12. An anti-microbial panel comprising:

a structural layer;

an inner core layer comprised of a lightweight polymer affixed to the structural layer;

an anti-microbial layer affixed to the inner core layer; and

a frame part, wherein

said structural layer, said inner core layer, and said anti-microbial layer are formed into a panel; and wherein

said frame part is configured to encompass the perimeter of the panel; and further wherein

13. The panel of claim 12, wherein said anti-microbial layer is comprised of an uncoated copper screen.

14. The panel of claim 13, wherein said anti-microbial layer is embossed with an image.

15. The panel of claim 12, wherein said inner core layer is comprised of a urethane or polystyrene foam.
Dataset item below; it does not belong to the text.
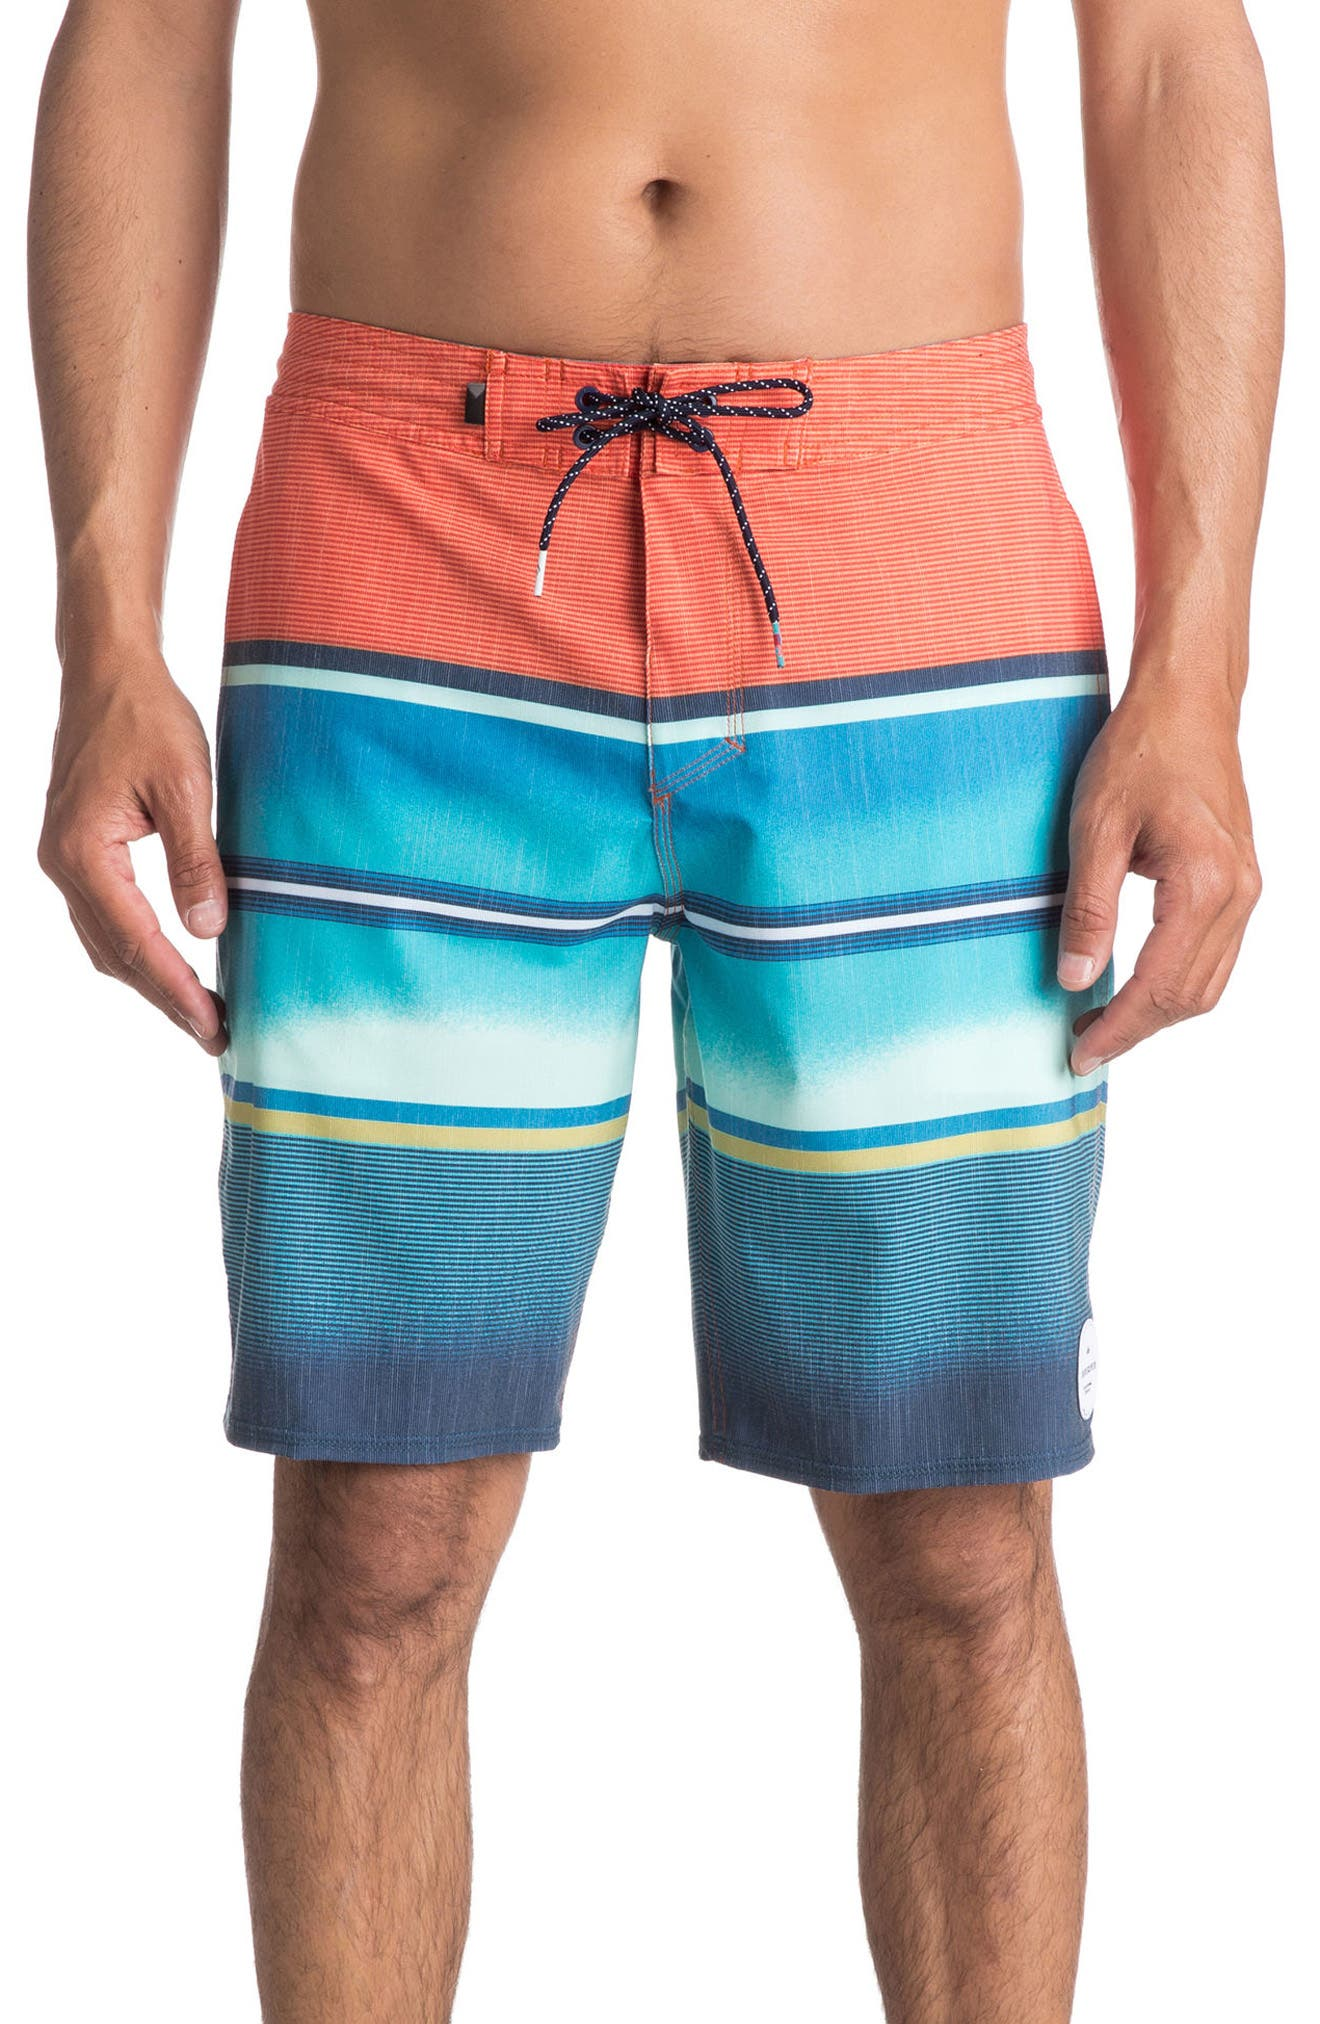 Swell Vision Board Shorts,                         Main,                         color, 650
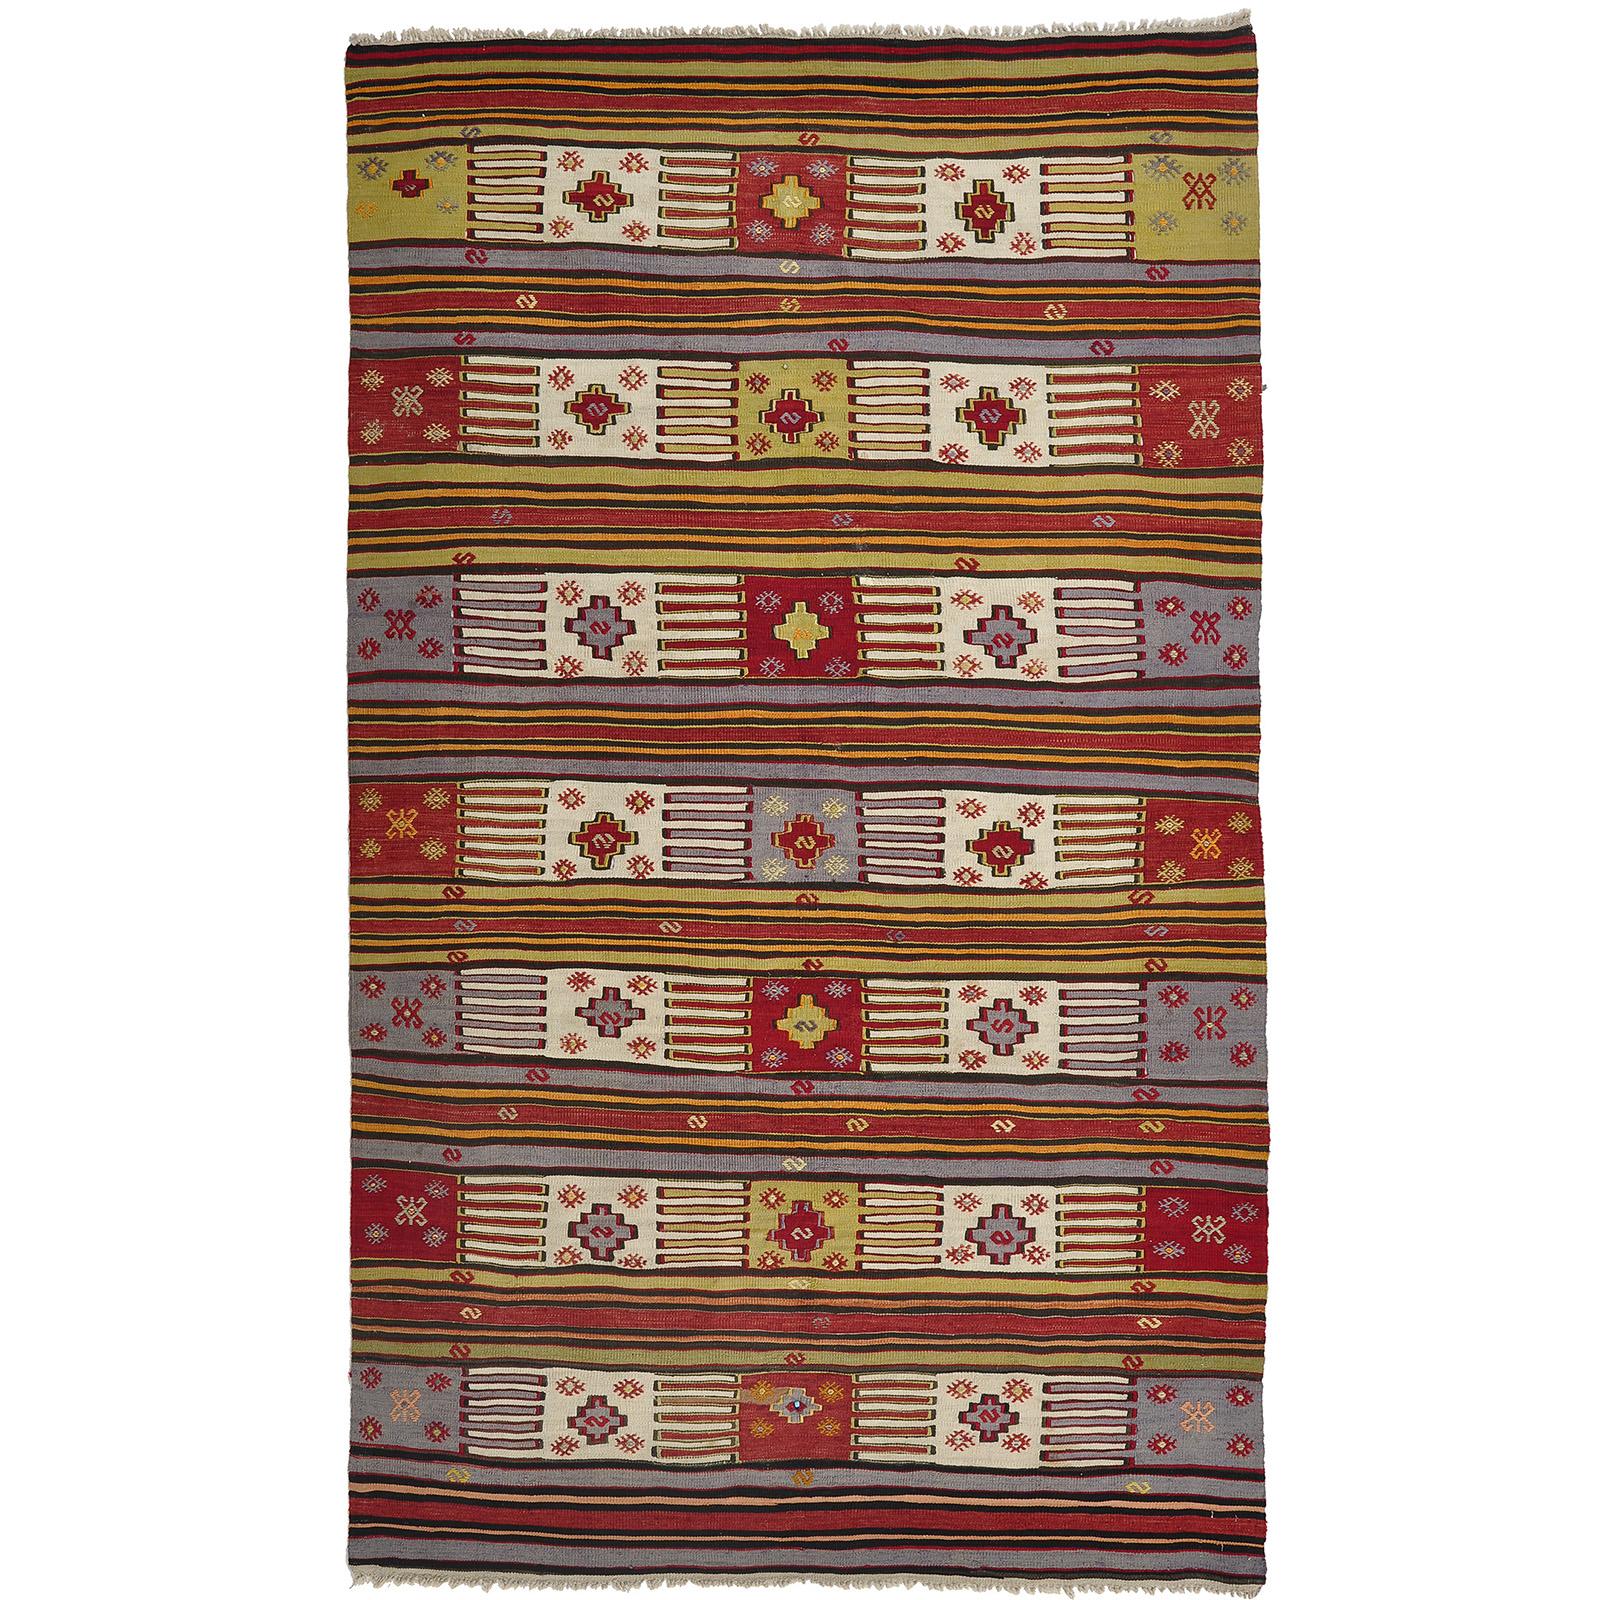 Kelim (old) matta storlek 254x150 cm

16. The panel of claim 12, wherein at least said anti-microbial layer is embossed with an image.

17. The panel of claim 12, wherein said anti-microbial layer, said inner core layer, and said structural layer are laminated together using a glue or fastener to connect the layers together.

18. A method of killing microbes in a room comprising the steps of:

providing an anti-microbial panel comprising:

a structural layer,

an inner core layer comprised of a lightweight polymer affixed to the structural layer, and

an anti-microbial layer affixed to the inner core layer, wherein

said structural layer, said inner core layer, and said anti-microbial layer are formed into a panel;

installing a plurality of said panels in a room on a wall, a ceiling, or both; and

killing microbes in the room when said microbes come into contact said anti-microbial layer through air flow in the room.

19. The method of claim 18, wherein said anti-microbial layer is comprised of an uncoated copper screen.

20. The method of claim 19, wherein said inner core layer is comprised of a urethane or polystyrene foam.

21. The method of claim 19, said panel further comprising a frame part configured to encompass the perimeter of the panel.

22. The method of claim 18, wherein at least said anti-microbial layer is embossed with an image.

23. The method of claim 18 said panel further comprising a frame part configured to encompass the perimeter of the panel.